Part 1: Simplicity vs Complexity (or is it both?)
A few years ago I wrote an essay for Lee Filters on composition. Regrettably it was more a rant against (what I perceived as) an over-use of rigid rules that prevails in some photographic quarters. I might have said what I thought composition isn’t, but maybe didn’t attempt to explore enough what it actually is.
This series will attempt to redress the balance. And given that this a subject dear to my heart, yet still difficult to define, it is in that sense an entirely selfish endeavour. Is it possible to articulate effectively how composition works? Can it ever be more than a subjective and opinion-based, or are there real empirical principles that are immutable? Is it ever possible to separate prejudice and personal preference from that which could be based in a universal law?
Composition can be rightly regarded as the ‘internal’ signature of the photographer. That is not to say that a photographer’s work will be instantly recognisable in every photograph, but with consistency and over time there is usually a recognisable personal voice, expressed in large part through composition. Light forms an integral part of composition, animating the space and giving weight and form to objects… in essence, light and composition become inseparable.

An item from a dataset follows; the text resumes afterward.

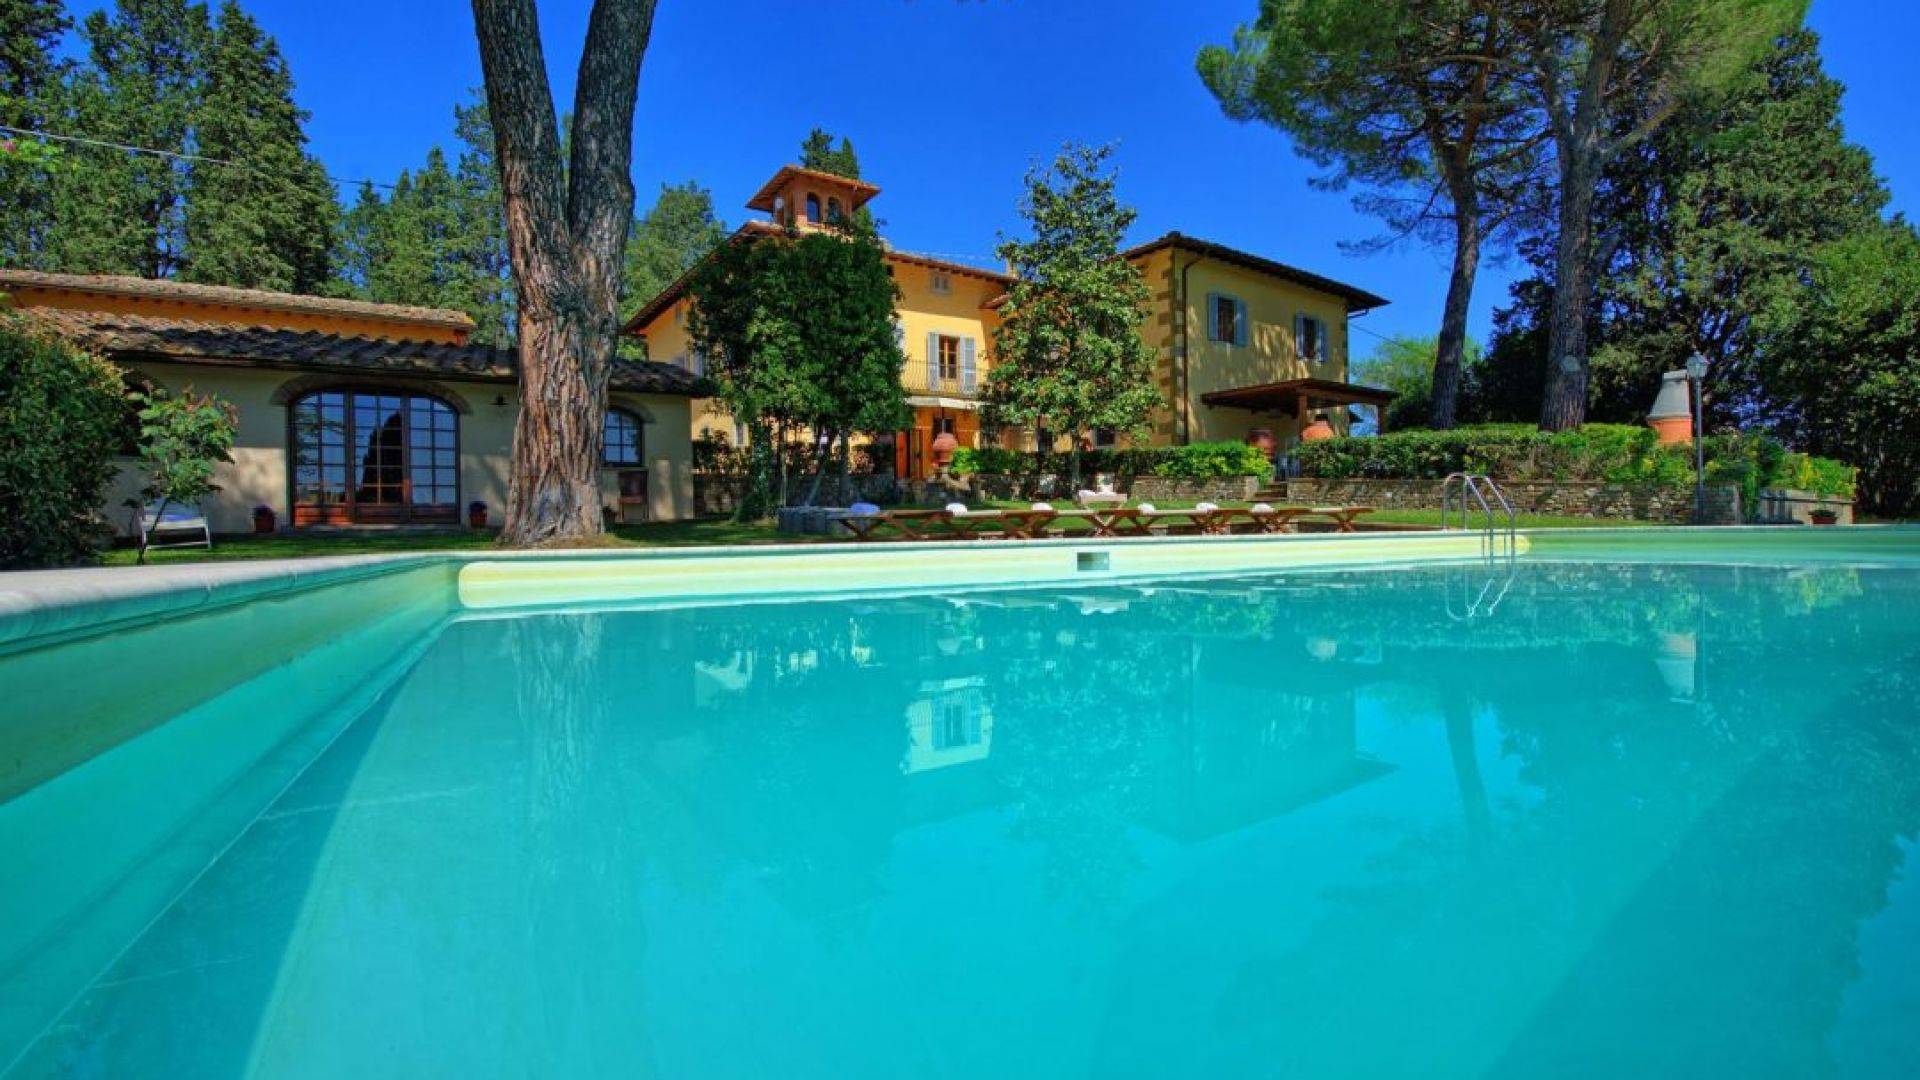 This luxury, 17th century villa is for sale with annexes, chapel, swimming pool and land in Chianti, a few kilometres from Barberino Val d’Elsa.

With each brief essay in the series I will attempt to analyse some of my own compositions (well, no-one else ever does, so I guess I will have to myself) and see if I can illuminate some recurrent themes in the compositional argument. I am using the series title, Compositional Controversies, because I expect, and hope, that it will be just that: controversial. I may well be starting with plenty of baggage, and assumptions of my own… and hope to surprise and, probably, contradict myself in the process.